Gustav Philipp Hermann Brandes (2 May 1862 – 17 July 1941) was a German zoologist who specialized in parasitology. He became a professor of zoology at the University of Halle while also serving as director of Halle zoo in 1901 and from 1910 of the Dresden zoo. He was noted for his success in breeding apes, particularly orangutans.

Brandes was born at Schoningen near Helmstedt where his father Carl (1829-1905) worked as a cashier. He was in Freiburg for military service following which he began to study botany from 1884 and attend lectures by August Weismann. In 1886 he joined the University of Leipzig and received a doctorate in 1888 for a dissertation on the Holostomeae under Rudolf Leuckart. He then went to the zoological station in Naples before joining the University of Halle as a lecturer in 1889. His habilitation in 1891 included work on the morphology of trematodes. In 1896 he married Theodora, daughter of chemistry professor Volhardt. In 1902 he became a director of the newly founded zoological garden at Halle. He moved to Dresden zoo in 1910 and also taught veterinary medicine at Dresden University.
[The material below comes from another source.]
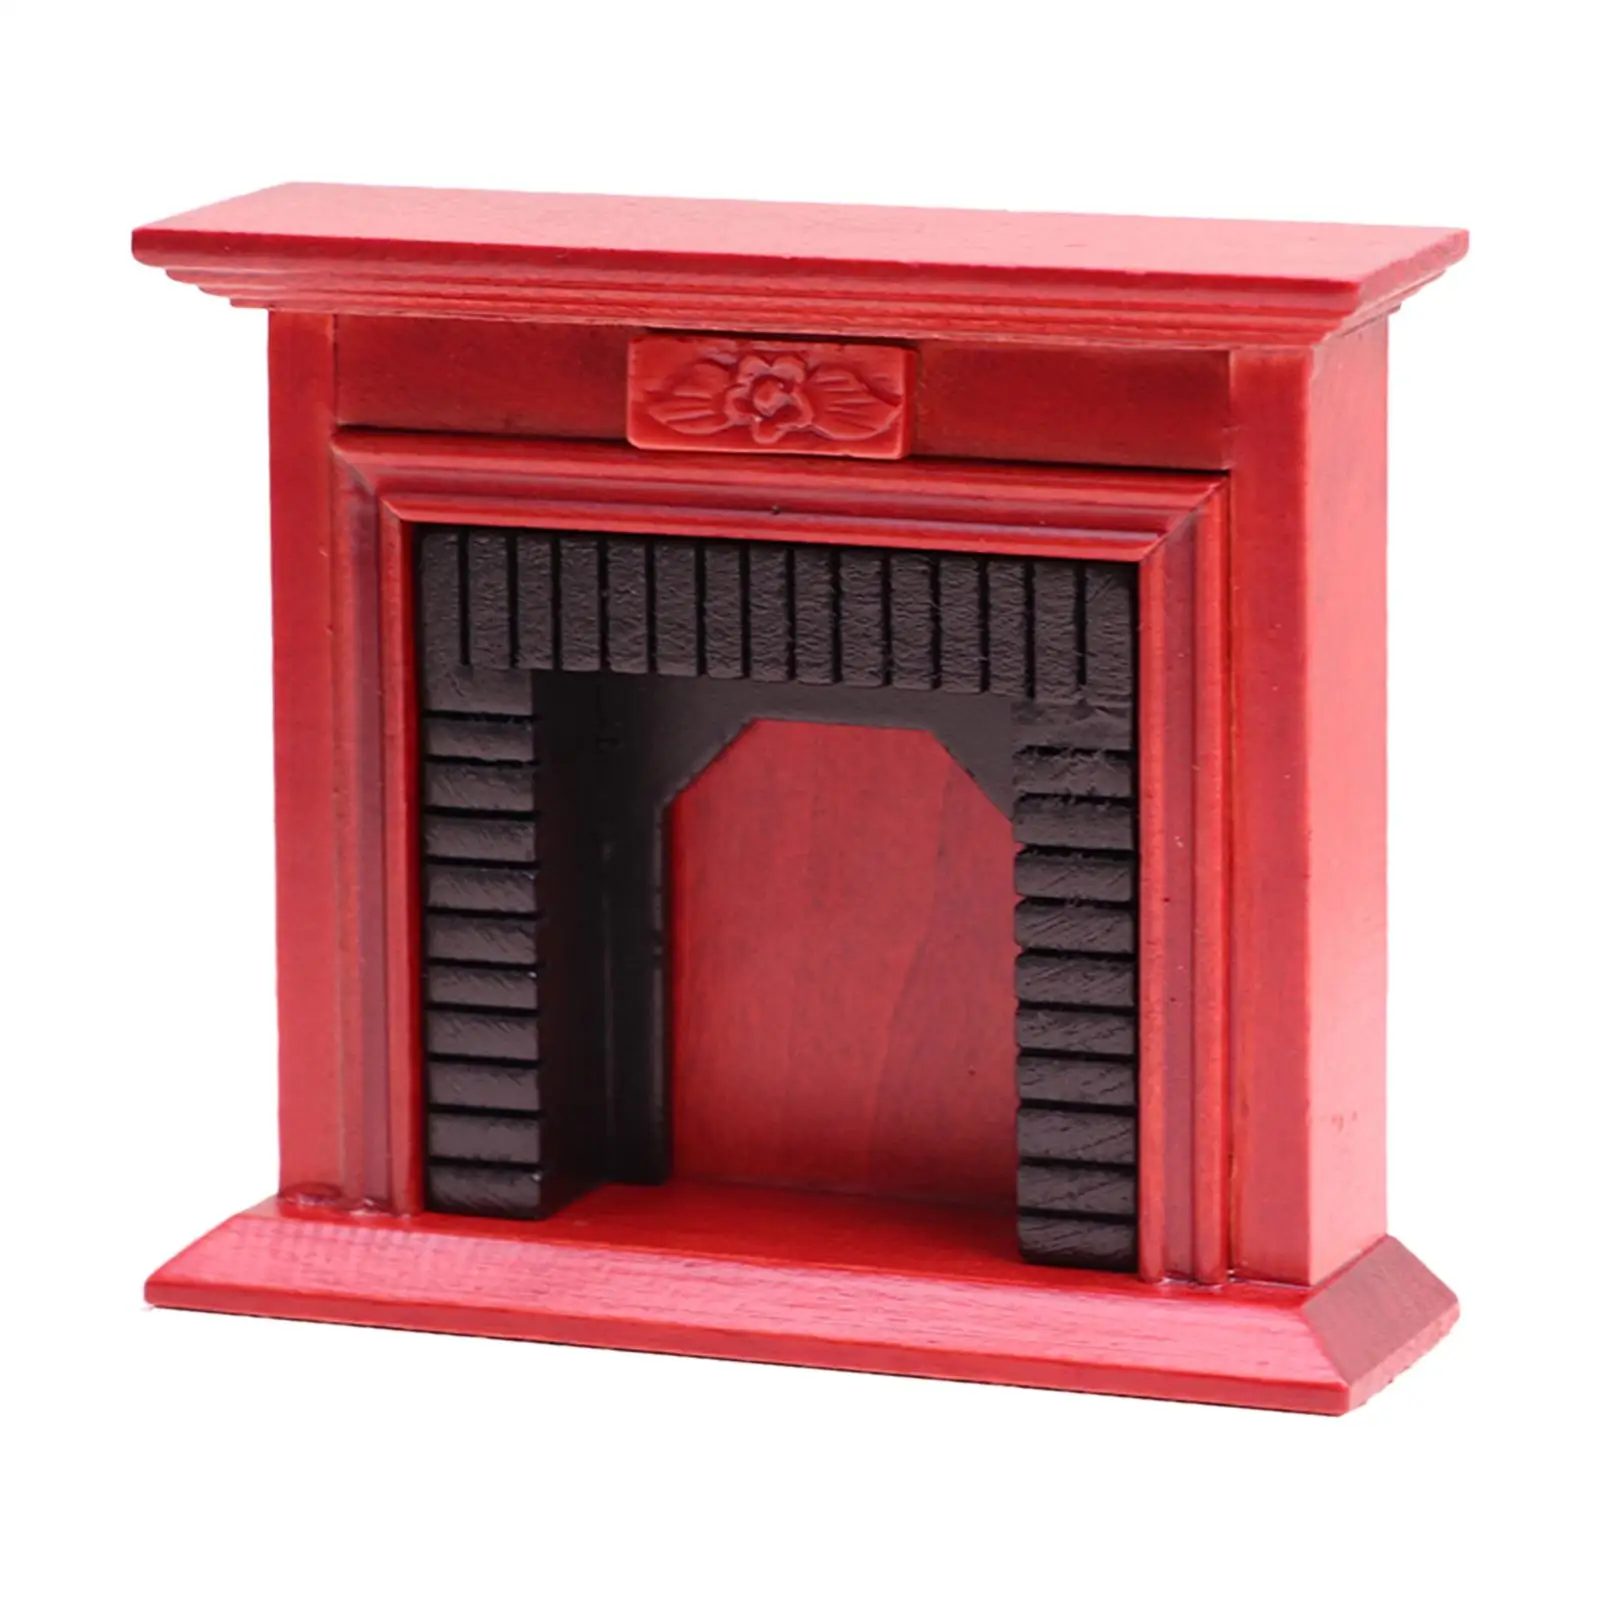 Dollhouse Fireplace Miniature Miniature Dollhouse Decoration Accessories Toy
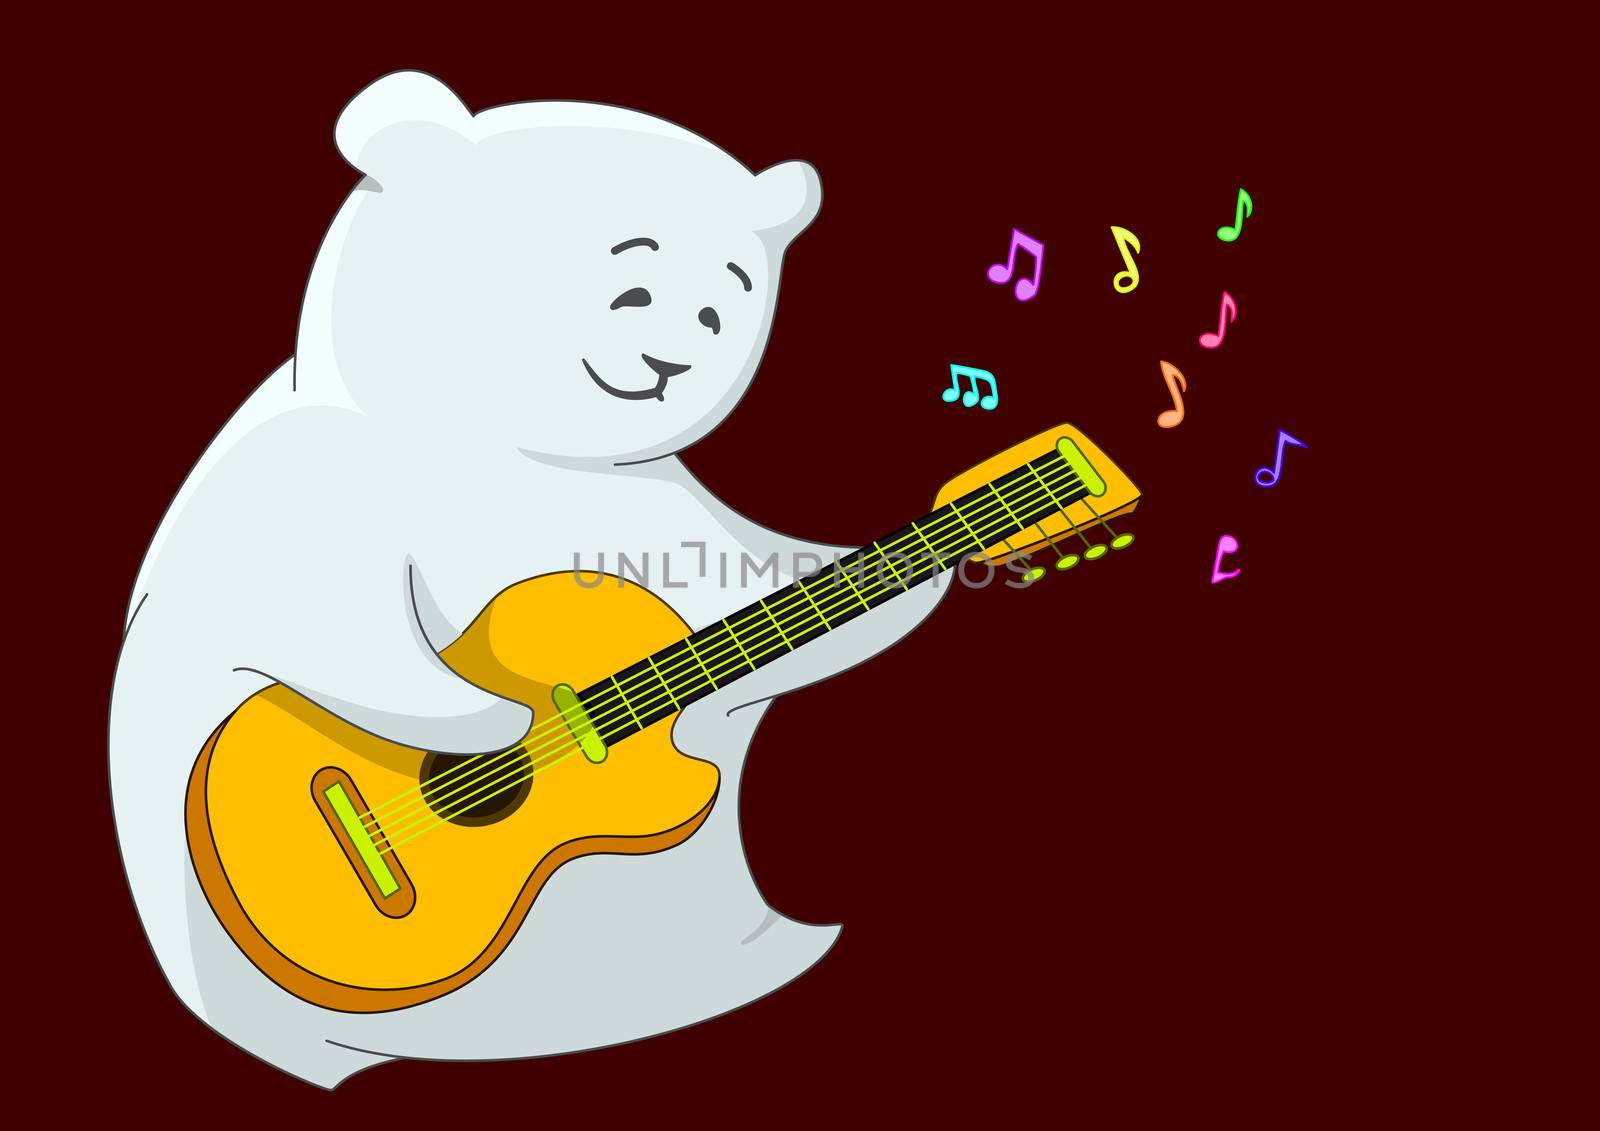 Cartoon toy teddy bear musician playing a guitar.

Under his directorship, the Dresden zoo was the first to raise a new born orangutan in captivity. In 1933, he was a signatory to the Vow of allegiance of the Professors of the German Universities and High-Schools to Adolf Hitler and the National Socialistic State. His students called him "Papa Brandes" and he noted for warm-heartedness. Brandes resigned as zoo director in 1934.